Songs provided almost the only outlets for interpersonal tension. The social hierarchy on the plantation did not permit direct criticism of superiors (especially whites), and the plantation slaves constituted such an isolated, close community that open rivalry was well-nigh impossible. Indirect, symbolic criticism may also be reflected in the material culture of the Creoles. The choice of a kerchief and the way it is bound around the head may convey a message (Herskovits 1936:3-9). Market women continue to give to newly imported kerchiefs names that may reflect political or social issues in the community.2
Songs, however, are more powerful and can really hurt someone, as we have witnessed on several occasions.
During the time of slavery, New Year's Day and the first of July were fixed occasions of celebration, when the rations were brought in from town and distributed among the slaves.
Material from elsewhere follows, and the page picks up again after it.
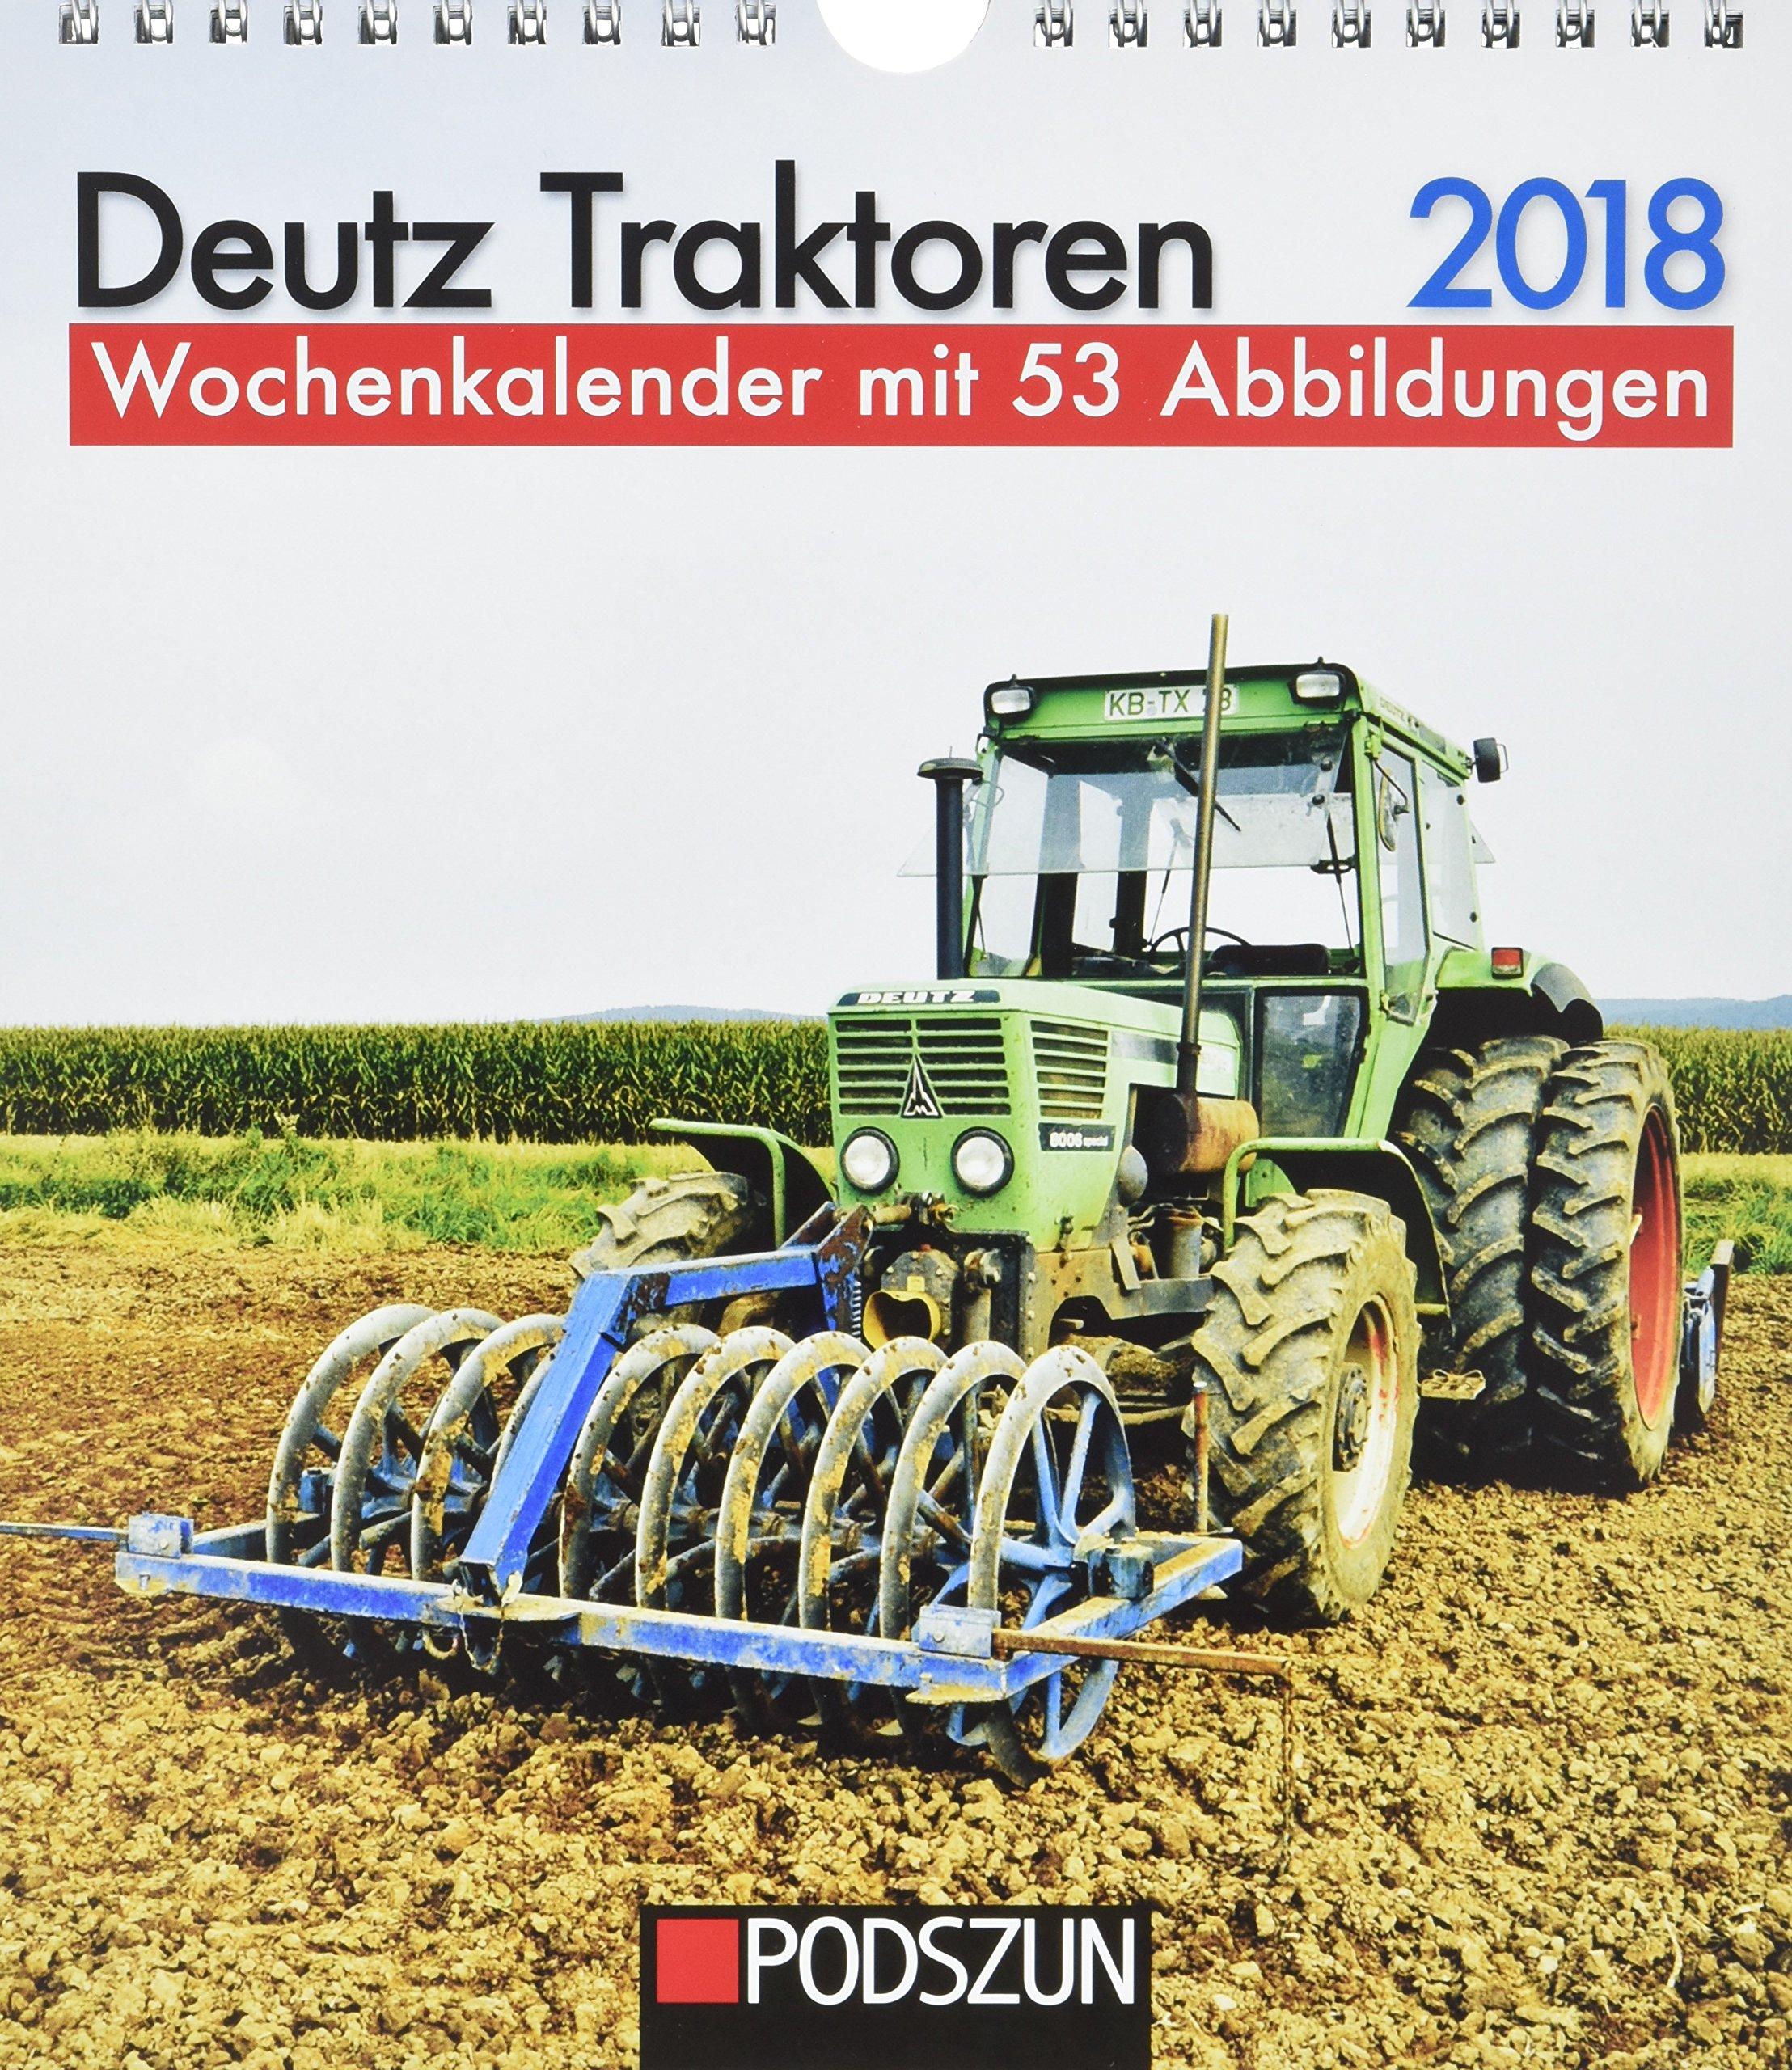 Deutz Traktoren 2018

It was possible to create other special occasions, for example at the end of harvest time, and by some unwritten law or agreement slaves were then allowed to dance.3 Cancellation of one of these occasions was regarded as one of the heaviest punishments.
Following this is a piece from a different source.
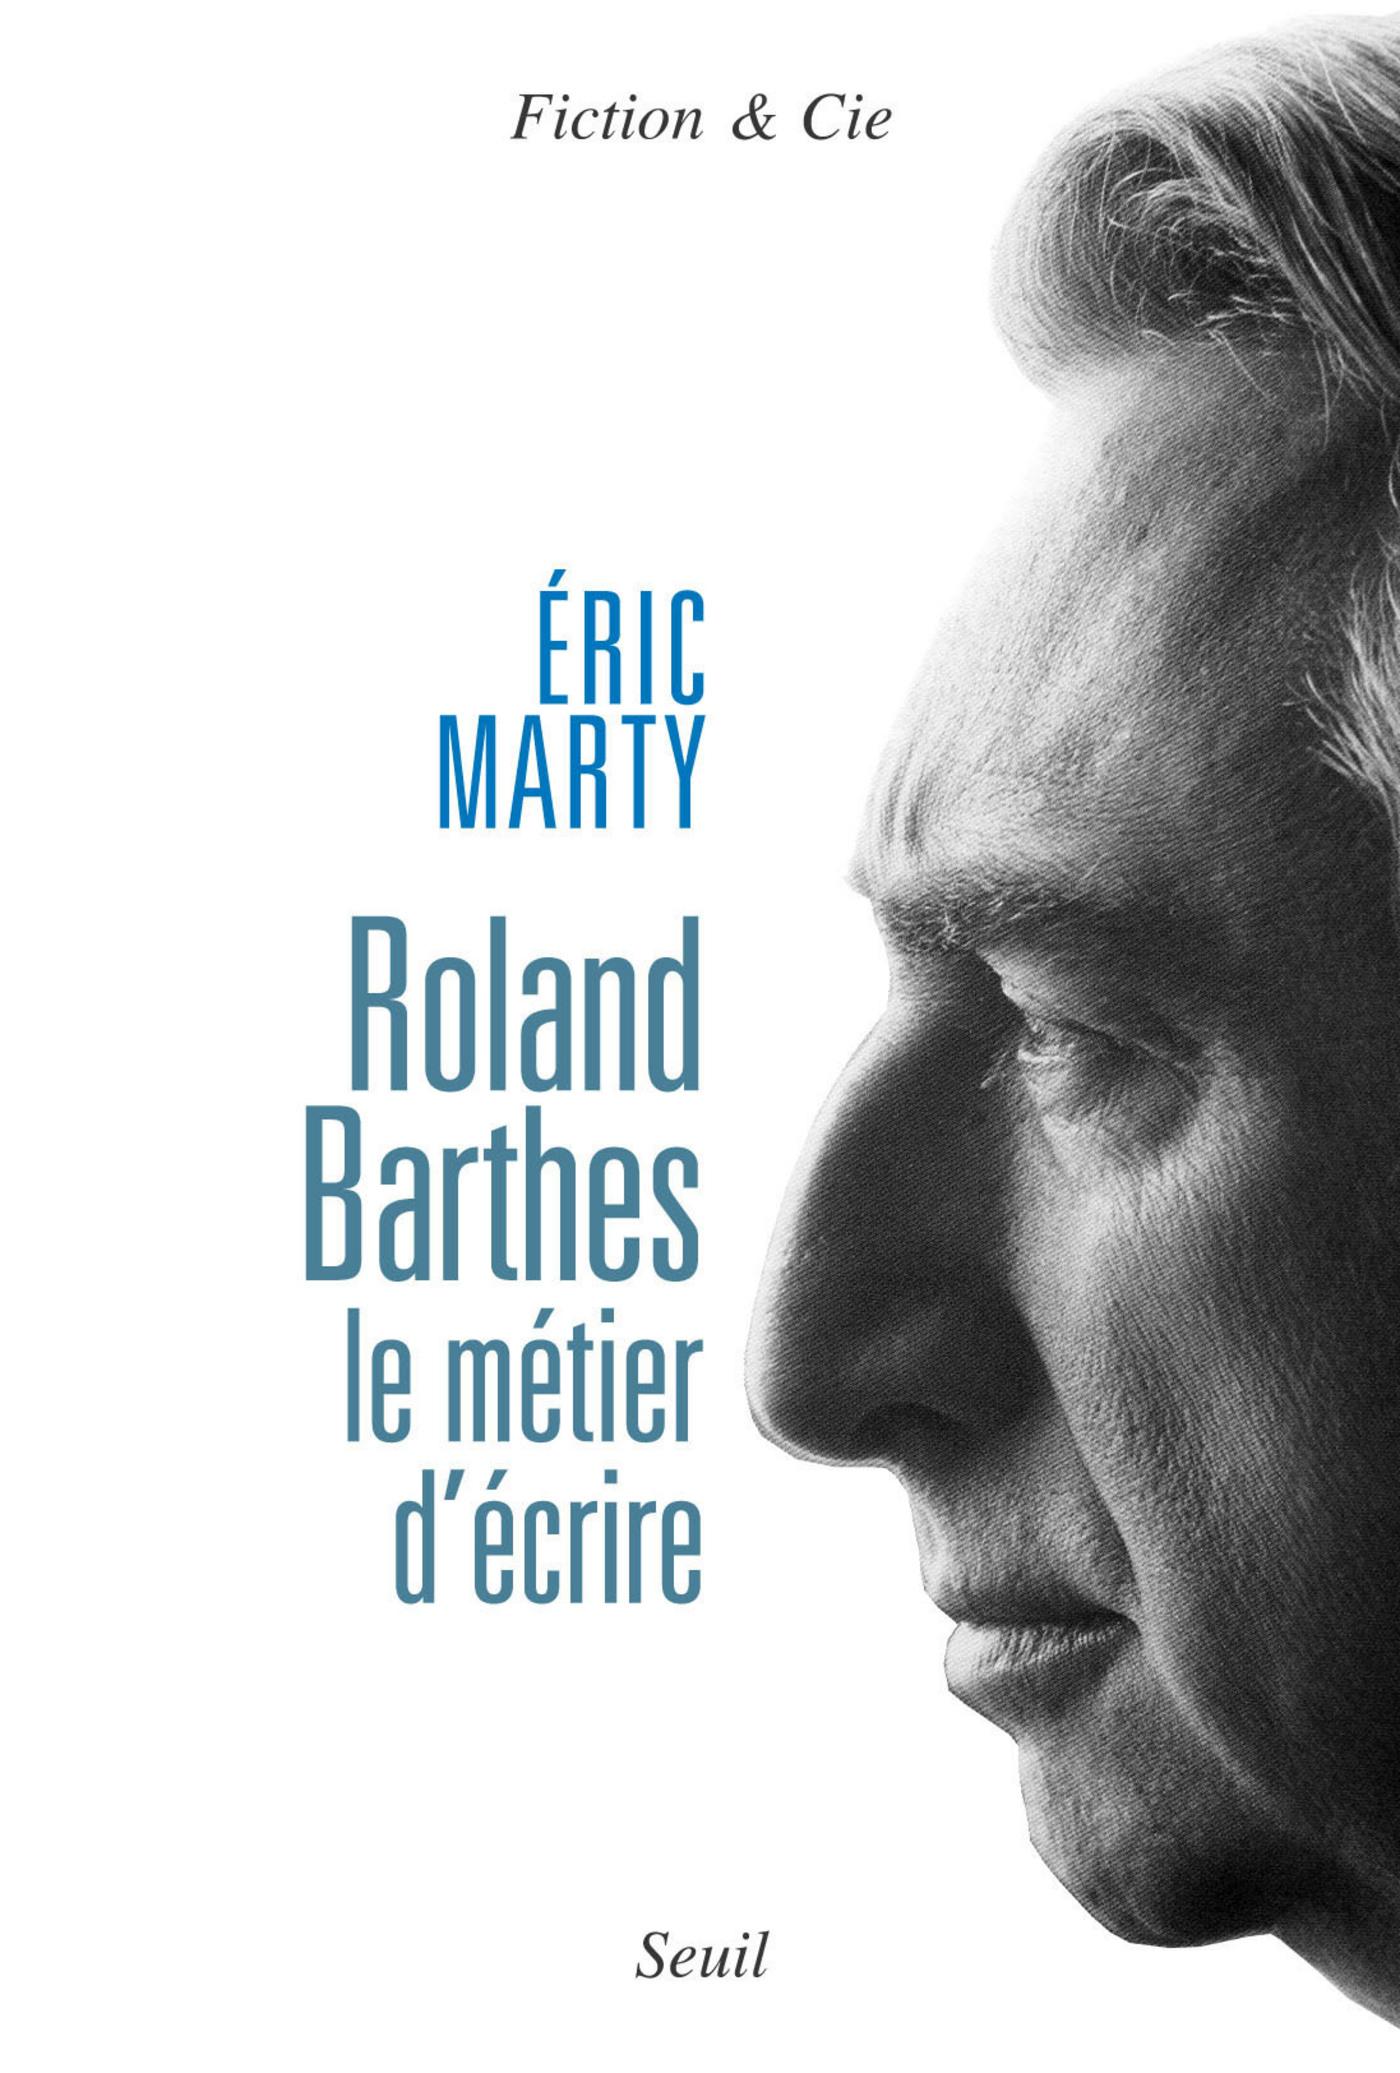 Roland Barthes, le métier d'écrire | Marty, Eric

White observers were apparently not sufficiently interested to give accurate descriptions of this type of slave festivity. The earliest account in print is found in the Essai historique sur la colonie de Surinam of 1788. The best description was by H.C. Focke, a colored lawyer (Focke 1858). Drawings also provide some information.
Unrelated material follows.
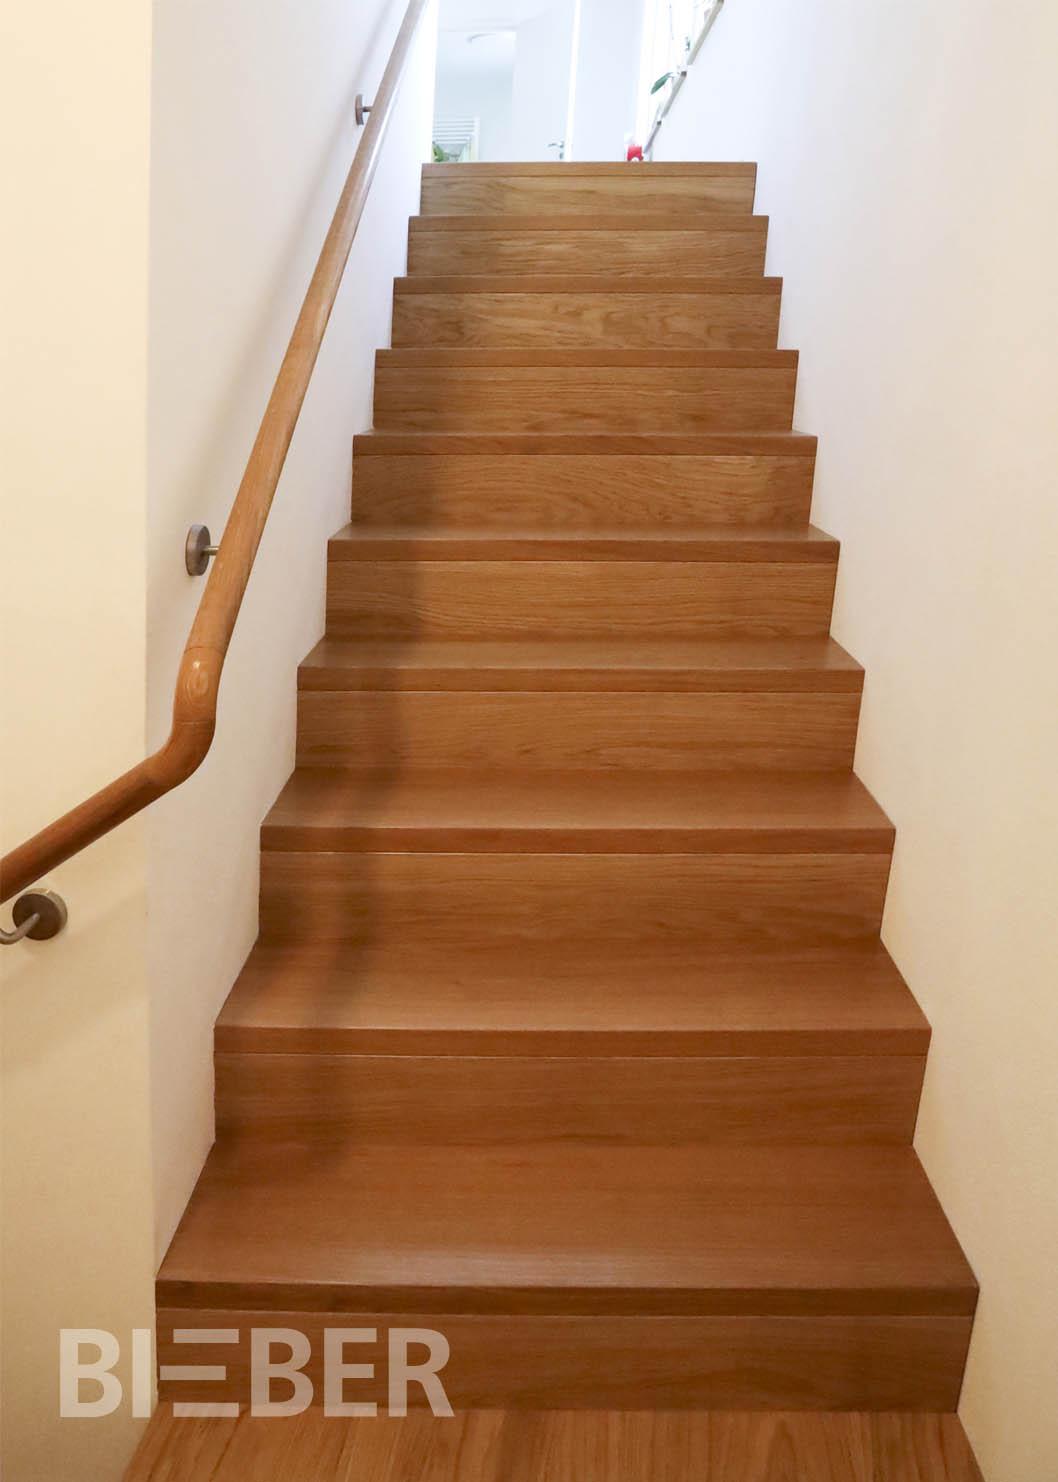 Aufgesattelte Treppe mit Setzstufen Eiche in Faltwerkoptik, zweiläufig gerade

The dances and songs were often composed, rehearsed, and executed in special societies called Du, a name no longer in existence. It was mentioned for the first time in the Essai historique. Comvalius ventures the hypothesis that there is a relation between the terms banya and du (Comvalius 1935/36). Banya designates a special type of song and dance, which in the du form has been organized and dramatized.4 There are indications that the term du was used for every cultural group, even a church choir, and was not exclusively associated with banya.
Free colored people and slaves mixed in these societies, which might have been the main reason why the government opposed them, since the slave colony is essentially a two-caste society with a sharp distinction between slaves and free people. Comvalius mentions that
after slavery the societies were sometimes hired by whites to ridicule their enemies (Comvalius 1935/36).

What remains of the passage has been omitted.